VBox-Bug1.png Download (81.5 KB) - added by Thomas Dreibholz 6 years ago.
Screenshot of the stack trace
dmesg.txt Download (75.6 KB) - added by Thomas Dreibholz 6 years ago.
dmesg output
VBox-Bug2.png Download (84.0 KB) - added by Thomas Dreibholz 6 years ago.
Another stack trace
dmesg.201511040959 Download (108.0 KB) - added by Thomas Dreibholz 6 years ago.
dmesg output obtained via kexec
ip4.txt Download (24.5 KB) - added by Thomas Dreibholz 6 years ago.
IPv4 configuration of the VM on the crashed system
ip6.txt Download (26.8 KB) - added by Thomas Dreibholz 6 years ago.
IPv6 configuration of the VM on the crashed system
tunnel4.txt Download (9.3 KB) - added by Thomas Dreibholz 6 years ago.
GRE tunnel configuration of the VM on the crashed system
vbox.patch Download (177 bytes) - added by Thomas Dreibholz 6 years ago.
A patch that seems to prevent the issue
VBoxNetFlt-linux.diff Download (569 bytes) - added by vushakov 6 years ago.

Change History

Changed 6 years ago by Thomas Dreibholz

Screenshot of the stack trace

comment:1 follow-up: ↓ 2 Changed 6 years ago by vushakov

Please, can you provide real dmesg as text.

Changed 6 years ago by Thomas Dreibholz

dmesg output

Changed 6 years ago by Thomas Dreibholz

Another stack trace

comment:2 in reply to: ↑ 1 ; follow-up: ↓ 3 Changed 6 years ago by Thomas Dreibholz

Replying to vushakov:

Please, can you provide real dmesg as text.

I attached a dmesg output.

comment:3 in reply to: ↑ 2 ; follow-up: ↓ 4 Changed 6 years ago by vushakov

Replying to Thomas Dreibholz:

Replying to vushakov:

Please, can you provide real dmesg as text.

I attached a dmesg output.

I mean can you provide the dmesg from the crash as text, not as a screenshot.

comment:4 in reply to: ↑ 3 Changed 6 years ago by Thomas Dreibholz

Replying to vushakov:

Replying to Thomas Dreibholz:

Replying to vushakov:

Please, can you provide real dmesg as text.

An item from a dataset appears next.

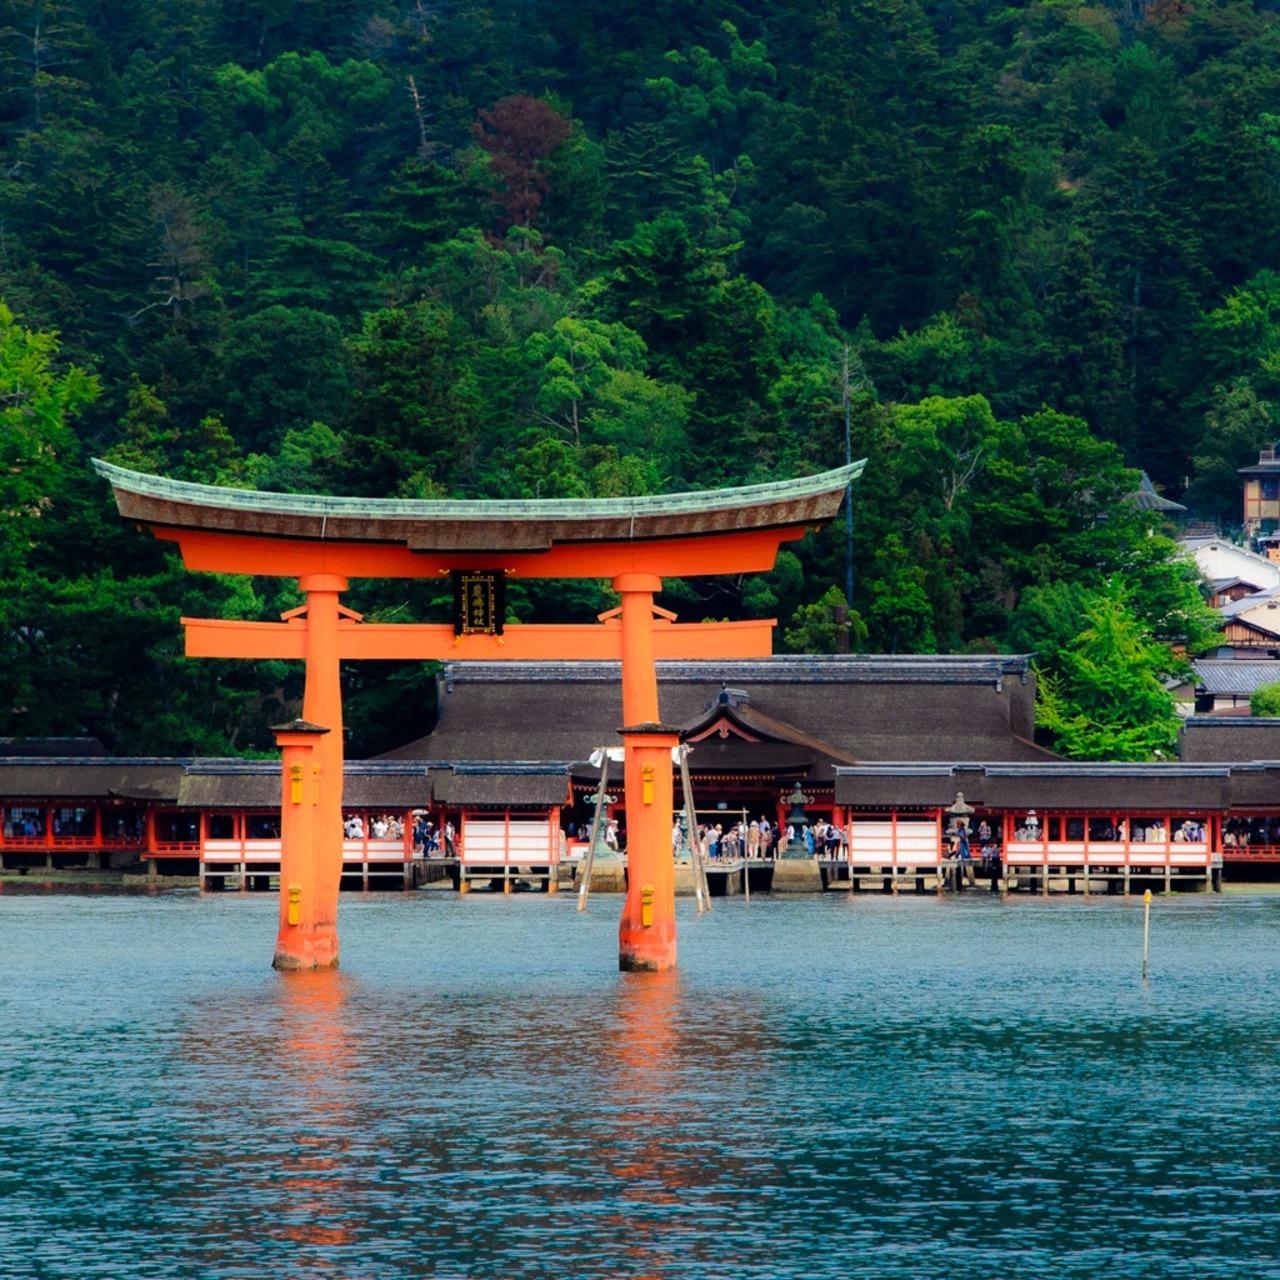 厳島神社の画像 p1_39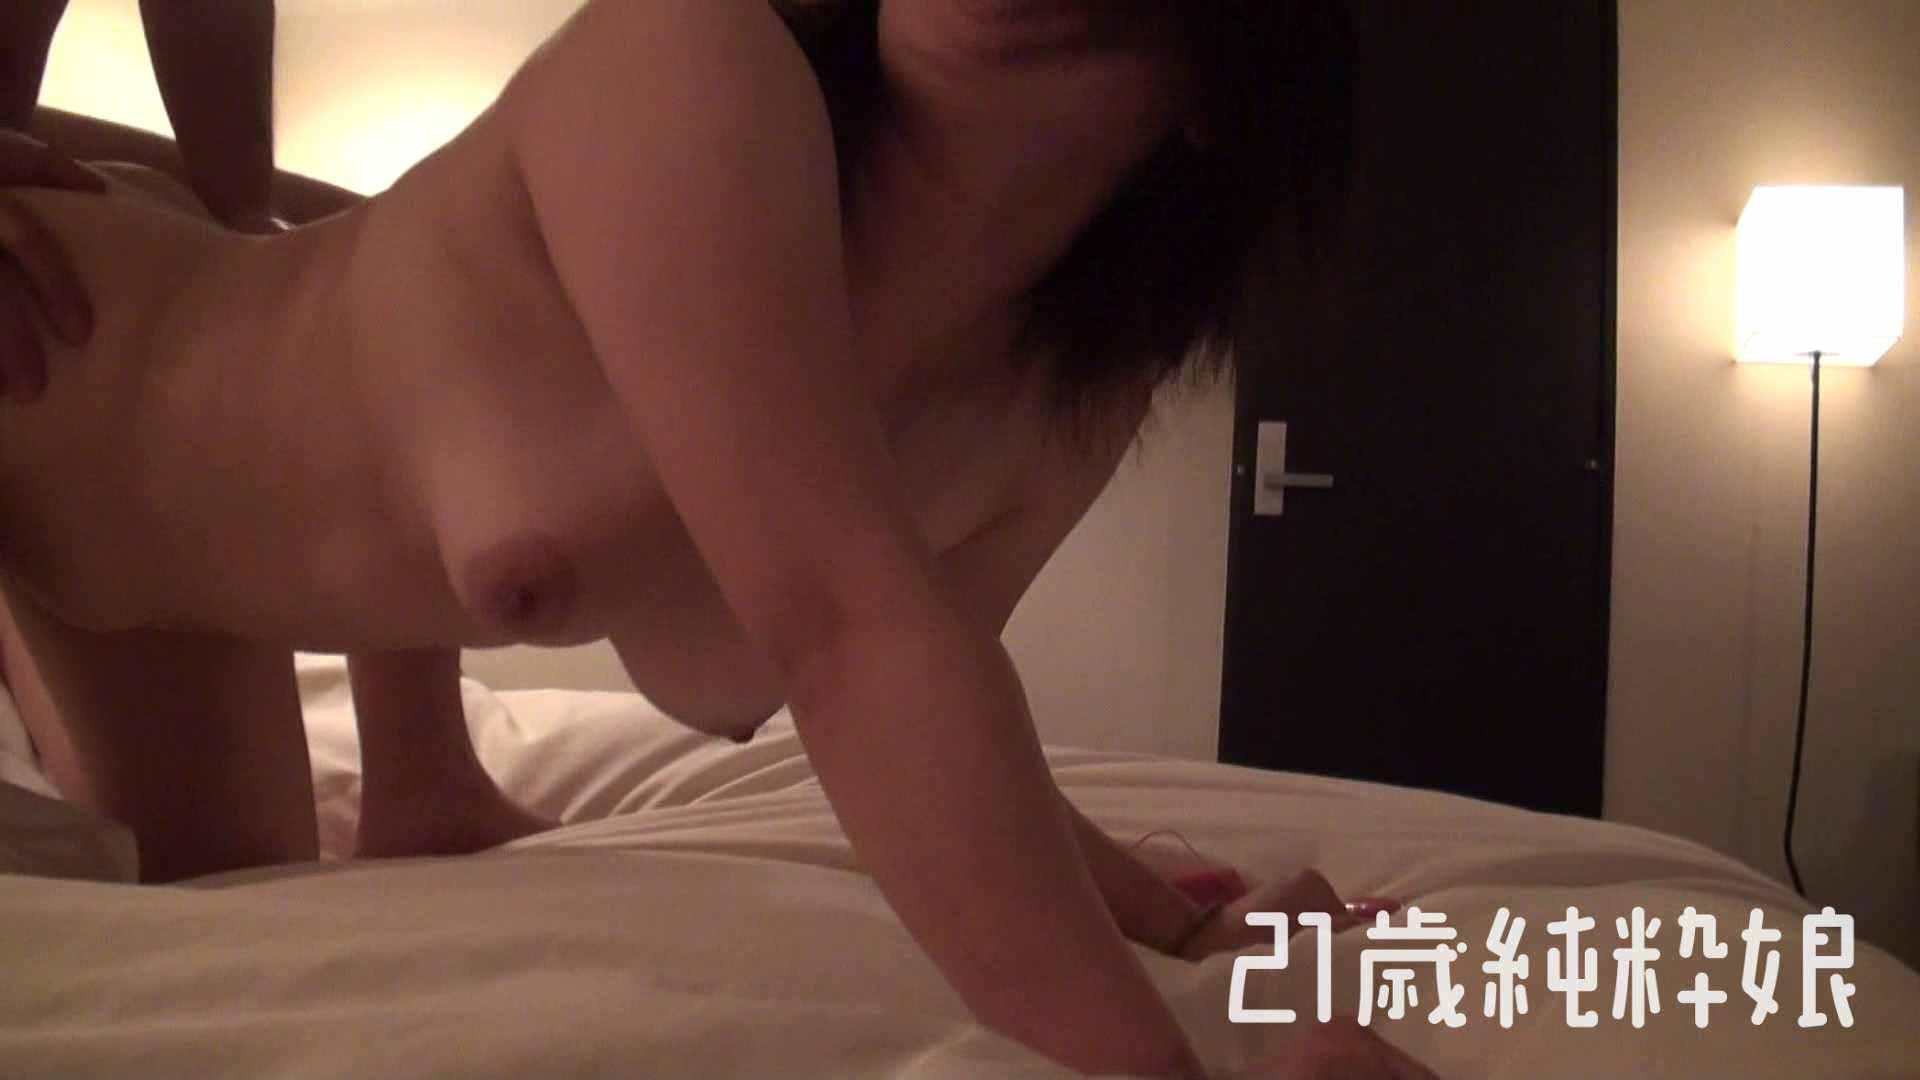 Gカップ21歳純粋嬢第2弾Vol.4 一般投稿 おまんこ無修正動画無料 69枚 29

I attached a dmesg output.

I mean can you provide the dmesg from the crash as text, not as a screenshot.

No, unfortunately, the machine is remote. All I can get is a screenshot of the HP iLO Java applet showing the console screen. It is graphics output.

comment:5 Changed 6 years ago by vushakov

I see gre_gso_segment in both stack traces. Can you provide more details about your GRE setup? Do you have a lot of GRE traffic, or does the crash happen on the first GRE packet? On the first large GRE packet? A packet capture might be handy.

comment:6 follow-up: ↓ 7 Changed 6 years ago by Thomas Dreibholz

I have indeed a lot of GRE tunnels inside the VM. The VM is part of the NorNet Core setup (see  https://www.nntb.no/nornet-core/ and  https://www.nntb.no/pub/nornet-configuration/NorNetCore-Sites.html). The VM has 36 IPv4 GRE tunnels, as well as 26 IPv6-over-IPv6 tunnels configured. It definitely does not crash on the first packet via GRE, since there is an almost steady flow of packets due to RTT measurements. I am not sure about fragmentation. Unfortunately, I cannot easily generate a packet trace since the machine is remote. However, I could e.g. set up some test GRE tunnels and try to investigate behaviour with fragmentation if this could help debugging.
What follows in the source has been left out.